Back to Stringbad: Where the Copy Constructor Goes Wrong

You are now in a position to understand the twofold weirdness of Listing 12.3. (Let’s assume that the output is the one shown after the listing.) The first weirdness is that the program output indicates two more objects destroyed than constructed. The explanation is that the program does create two additional objects, using the default copy constructor. The copy constructor is used to initialize the formal parameter of callme2() when that function is called, and it is used to initialize the object sailor to sports. The default copy constructor doesn’t vocalize its activities, so it doesn’t announce its creations, and it doesn’t increment the num_strings counter. However, the destructor does update the count, and it’s invoked upon the demise of all objects, regardless of how they were constructed. This weirdness is a problem because it means the program doesn’t keep an accurate object count. The solution is to provide an explicit copy constructor that does update the count:

StringBad::StringBad(const String & s)
{
    num_strings++;
    ...// important stuff to go here
}


Tip

If your class has a static data member whose value changes when new objects are created, you should provide an explicit copy constructor that handles the accounting.


The second weirdness is the more subtle and dangerous. One symptom is the garbled string contents:

headline2: Dû°

The cause is that the implicit copy constructor copies by value. Consider Listing 12.3, for example. The effect, recall, is this:

sailor.str = sport.str;

This does not copy the string; it copies the pointer to a string. That is, after sailor is initialized to sports, you wind up with two pointers to the same string. That’s not a problem when the operator<<() function uses the pointer to display the string. It is a problem when the destructor is called. Recall that the StringBad destructor frees the memory pointed to by the str pointer. The effect of destroying sailor is this:

delete [] sailor.str;    // delete the string that ditto.str points to

The sailor.str pointer points to "Spinach Leaves Bowl for Dollars" because it is assigned the value of sports.str, which points to that string. So the delete statement frees the memory occupied by the string "Spinach Leaves Bowl for Dollars".

Next, the effect of destroying sports is this:

delete [] sports.str;   // effect is undefined

Here, sports.str points to the same memory location that has already been freed by the destructor for sailor, and this results in undefined, possibly harmful, behavior. In the case of Listing 12.3, the program produces mangled strings, which is usually a sign of memory mismanagement.
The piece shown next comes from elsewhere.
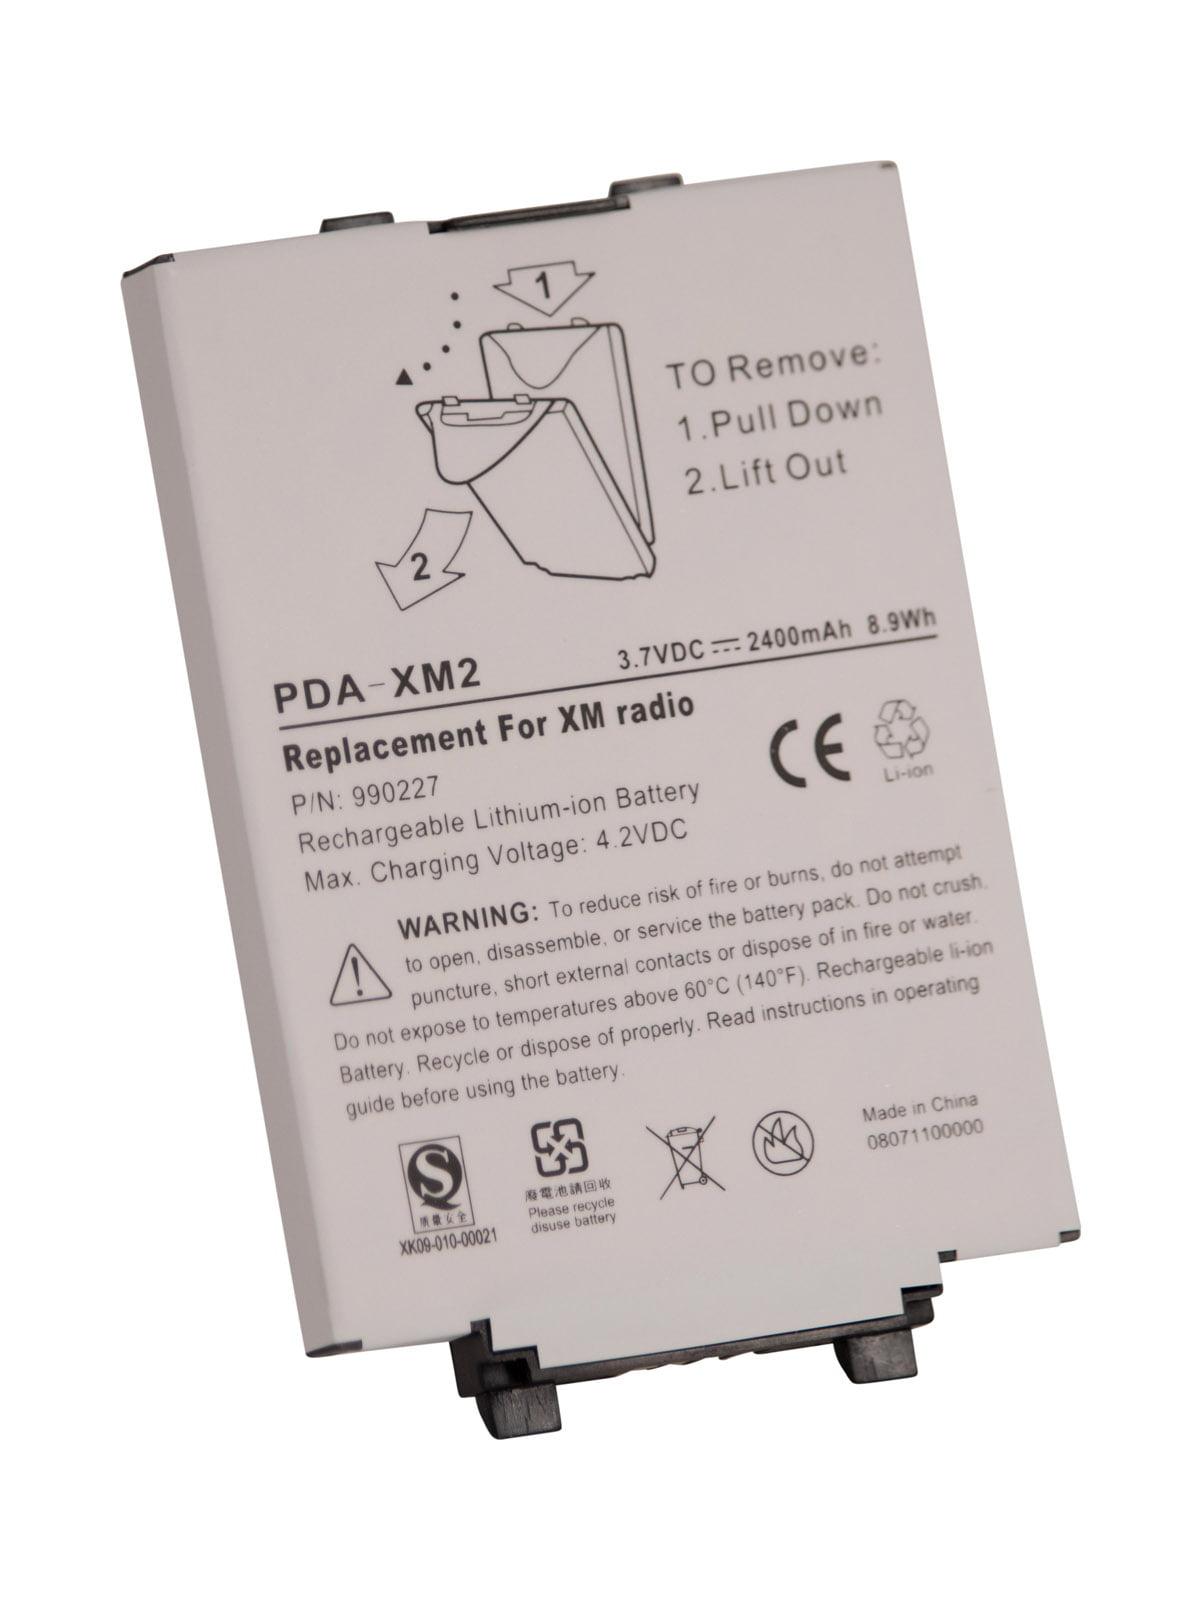 Ultralast Replacement Satellite Radio Battery 37 Volt Lithium Ion

Another disturbing symptom is that attempting to delete the same memory twice can cause the program to abort. Microsoft Visual C++ 2010 (debug mode), for example, displays an error message window saying “Debug Assertion Failed!”, and g++ 4.4.1 on Linux reports “double free or corruption” and aborts. Other systems might provide different messages or even no message, but the same evil lurks within the programs.

Fixing the Problem by Defining an Explicit Copy Constructor

The cure for the problems in the class design is to make a deep copy. That is, rather than just copy the address of the string, the copy constructor should duplicate the string and assign the address of the duplicate to the str member. That way, each object gets its own string rather than referring to another object’s string. And each call of the destructor frees a different string rather than making duplicate attempts at freeing the same string. Here’s how you can code the String copy constructor:

StringBad::StringBad(const StringBad & st)
{
    num_strings++;             // handle static member update
    len = st.len;              // same length
    str = new char [len + 1];  // allot space
    std::strcpy(str, st.str);  // copy string to new location
    cout << num_strings << ": "" << str
         << "" object created "; // For Your Information
}

What makes defining the copy constructor necessary is the fact that some class members are new-initialized pointers to data rather than the data themselves. Figure 12.3 illustrates deep copying.

Figure 12.3. An inside look at deep copying.

Image


Caution

If a class contains members that are pointers initialized by new, you should define a copy constructor that copies the pointed-to data instead of copying the pointers themselves. This is termed deep copying. The alternative form of copying (memberwise, or shallow, copying) just copies pointer values. A shallow copy is just that—the shallow “scraping off” of pointer information for copying, rather than the deeper “mining” required to copy the constructs referred to by the pointers.